Among the tidbits I have gleaned from being an artist for as long as I have, is that should a gallery go bankrupt, the artwork therein becomes part of the assets distributed by the court. It is then up to the artist who has it on consignment to fight in court for it’s return.
“Hmmmmm,” I thought, “perhaps I am in danger of having my work confiscated." I thought about this situation. I talked to people. I thought a bit more. What could I do about this? I decided I needed to get my artwork shipped back to me as soon as possible. So I set about doing just that.

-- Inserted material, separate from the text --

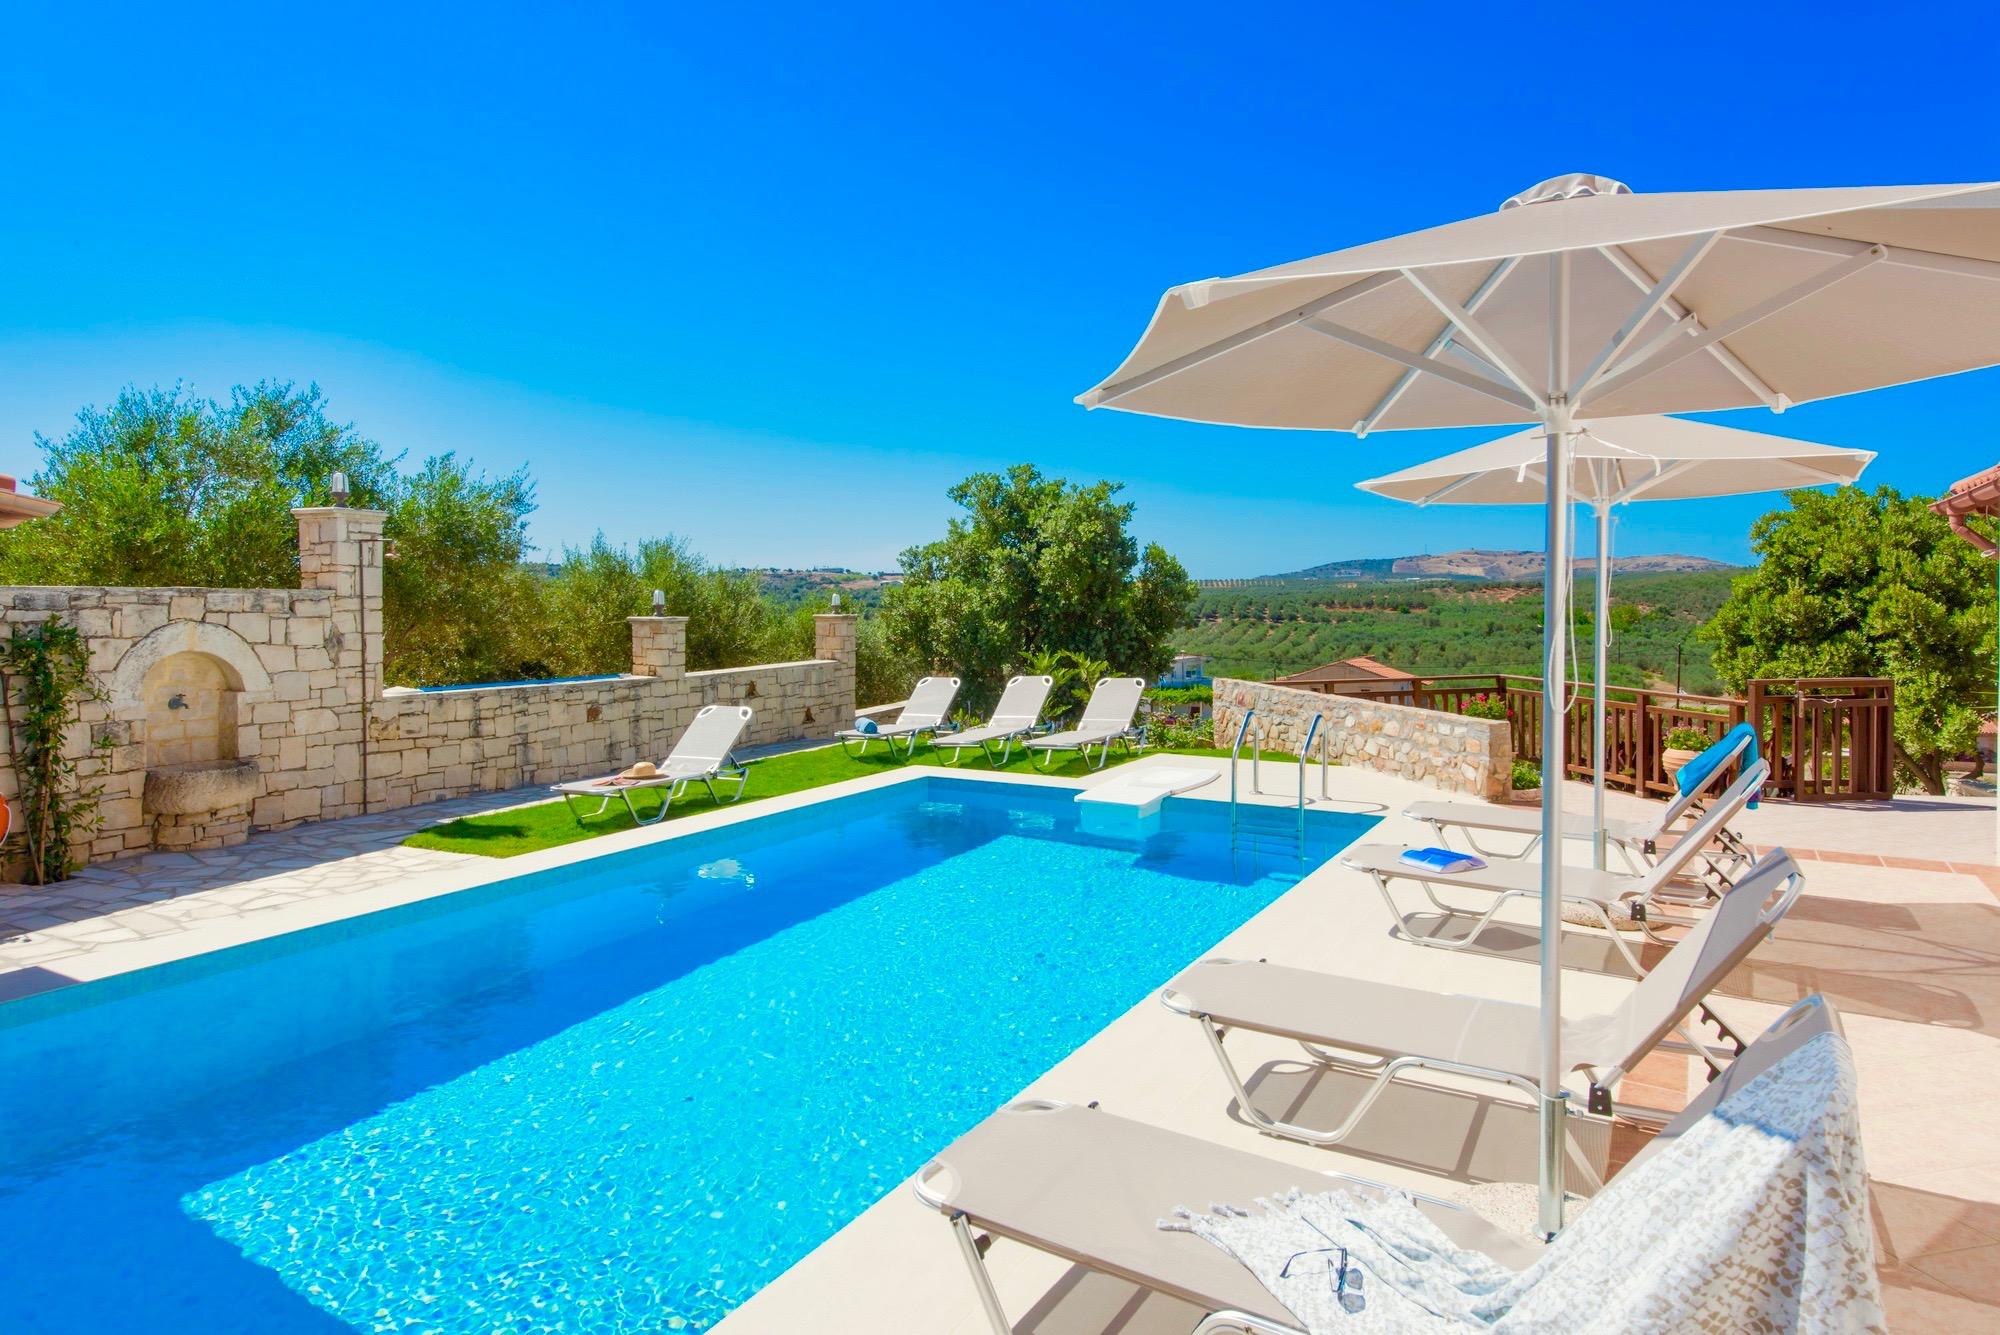 Ferienhaus Luxury Villa Korini with private swimming pool (2470495), Roumeli, Kreta Nordküste, Kreta, Griechenland, Bild 23

“What do I have to lose?“ I had asked philosophically, when trying to decide whether I should do business again with Bill Lowe. It turns out I could have lost a fair amount. However I was fortunate (as my wife was sure to remind me). My losses were merely the cost of shipping my artwork to Atlanta and back in a years time.
And that amount was dangerously approaching the well-respected 7 thousand dollars mark. An amount that John Spears and I had successfully wrestled from Bill Lowe's grip long ago.